In the psychic make-up of any politician, the phenomenon of compartmentalization is common, but rare is the politician who proudly makes an art of it, as has Republican presidential candidate Mitt Romney. Even as he publicly celebrates his squeaky-clean personal life, Romney lauds his own brutal record as a leveraged buyout specialist and lies with impunity on the stump, often in terms laden with race-baiting code.

To Romney, it seems, personal morality amounts to a roster of good personal habits (no smoking or drinking, a faithful marriage, generosity and compassion for ailing members of his faith community) that add up to a kind of personal exceptionalism that trumps whatever havoc his business behavior or political policies may wreak on the life of any poor schlub who should should cross his path.

Romney’s sense of morality seems to be based on a kind of fierce individualism, in which he apparently believes himself to be morally superior by dint of his own personal habits, and assumes no responsibility for the fate of those less rigorous in their personal code, should they find an appeal to their baser instincts in the words and actions of the beyond-reproach church leader, dutiful husband and father of five.

It all amounts to a kind of moral bankruptcy, in which the former Massachusetts governor presumes he is entitled to a morally superior reputation for which he has not kept up the payments.
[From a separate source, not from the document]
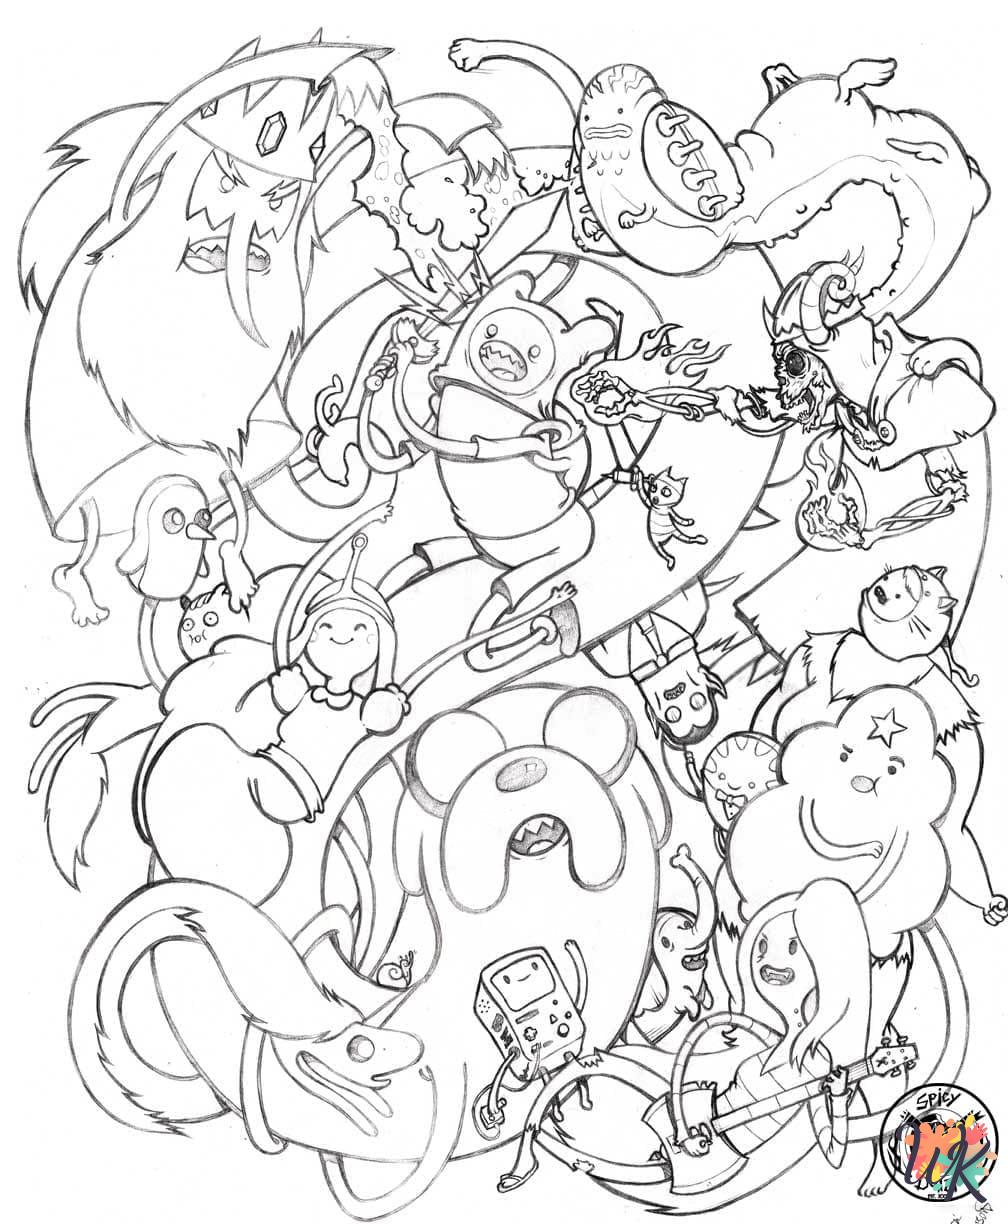 Adventure Time coloring pages for adults easy

It’s not that hard to be good to your family and friends. If true morality is evidenced by how one treats strangers, Romney’s reputation as a moral actor should be under water.

Here are but nine bits of evidence of the moral bankruptcy of Willard Mitt Romney. There exist many more, but life is short.

1. The smug non-smoker took big bucks to push smoking on Russians. No one is more satisfied with his Ivory-soap self-image (99.43% pure) than Romney, and one aspect of that is Romney’s evident pride in never having been a smoker. But that didn’t stop him, while CEO of Bain & Company, from seeking a consulting deal, beginning in 1992, with the British American Tobacco company to help the death merchants crack the Russian market after the fall of the Soviet Union.

According to a blockbuster report by Huffington Post reporter (and AlterNet alum) Zach Carter and his colleague, Jason Cherkis, Romney appears to have been deeply involved in helping to increase the numbers of Russian smokers on behalf of BAT.

From Carter and Cherkis’ report:

In 1992, reports showed that only 7 percent of Russian women smoked. Since BAT and other Western companies have taken over Russian markets, that number has more than tripled. In 2009, the Global Adult Tobacco Survey, cited by the World Health Organization, reported that nearly 22 percent of Russian women had taken up the habit.

The same survey found that smoking rates among Russian men — already high before Communism’s fall — have also risen since Bain’s tobacco exploits of the early-’90s, with [more than 30] percent now smoking. Nearly 44 million smoke in Russia, a country of 142 million. Dmitriy Yanin, the head of a consumer protection non-governmental organization in Moscow, said there are 400,000 smoking-related deaths each year in Russia. BAT, largely locked out of the cigarette market before Bain got involved, now controls nearly a quarter of sales. BAT remains close with top government officials.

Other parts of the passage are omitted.